Images are displayed in a browser, not with document.write(), but by inserting an image tag in your document that points to the URL of a specific image.
For a web page to get some result from the server, it has to either have that result embedded in the web page when the web page was originally fetched from the server or the Javascript in the web page has to request information from the server with an Ajax request. An ajax request is an http request where the Javascript in your web page, forms an http request that is sent to your server, your server receives that request and sends back a response which the Javascript in your web page receives and can then do something with.
To implement something where your web page requests some data from your back-end, you will have to have a web server in your back-end that can response to Ajax requests sent from the web page. You cannot just run a script on your server and magically modify a web page displayed in a browser.
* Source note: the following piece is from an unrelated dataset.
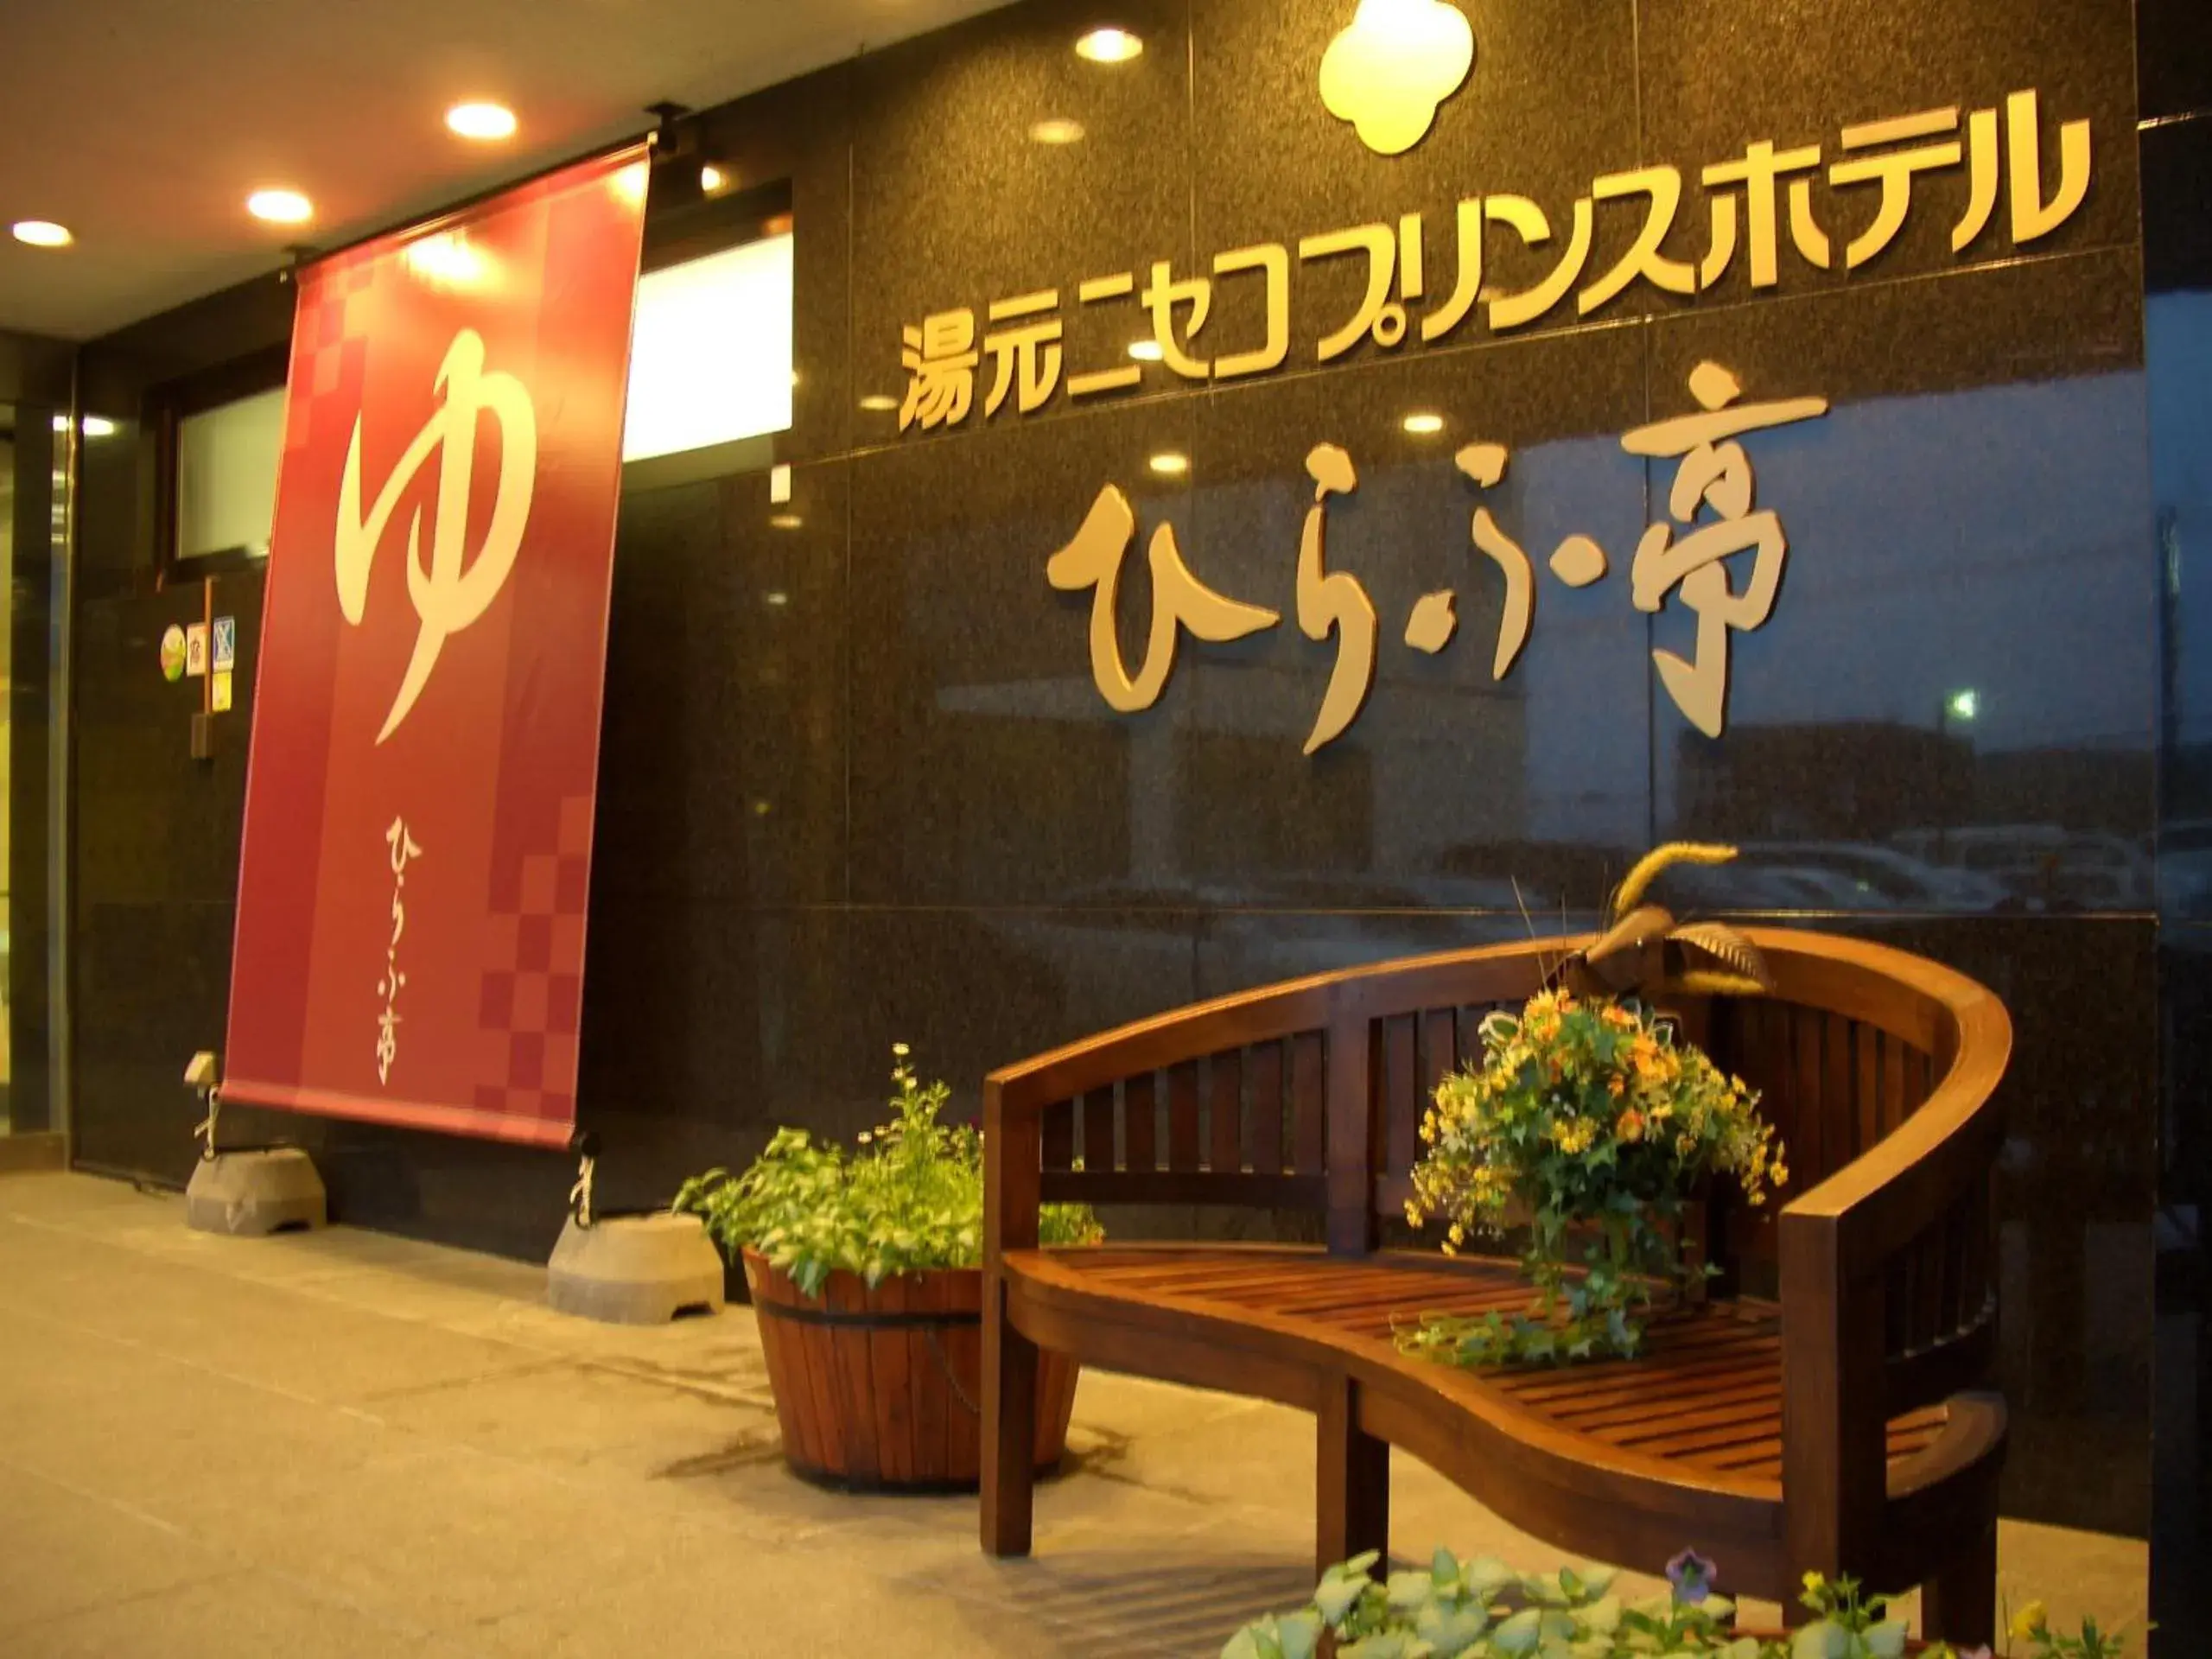 Property logo or sign in Niseko Prince Hotel Hirafutei

Without the type of structure described in the previous points, your web page has no connection at all to the displayed server. The web page can't directly reach your server file system and the server can't directly touch the displayed web page.
There are a number of possible schemes for implementing this type of connection. What I would think would work best would be to define an image URL that, when requested by any browser, it returns an image for the newest image in your particular directory on your server. Then, you would just embed that particular URL in your web page and anytime that image was refreshed or displayed, your server would send it the newest version of that image. Your server probably also needs to make sure that the browser does not cache that URL by setting appropriate cache headers so that it won't mistakenly just display the previously cached version of that image.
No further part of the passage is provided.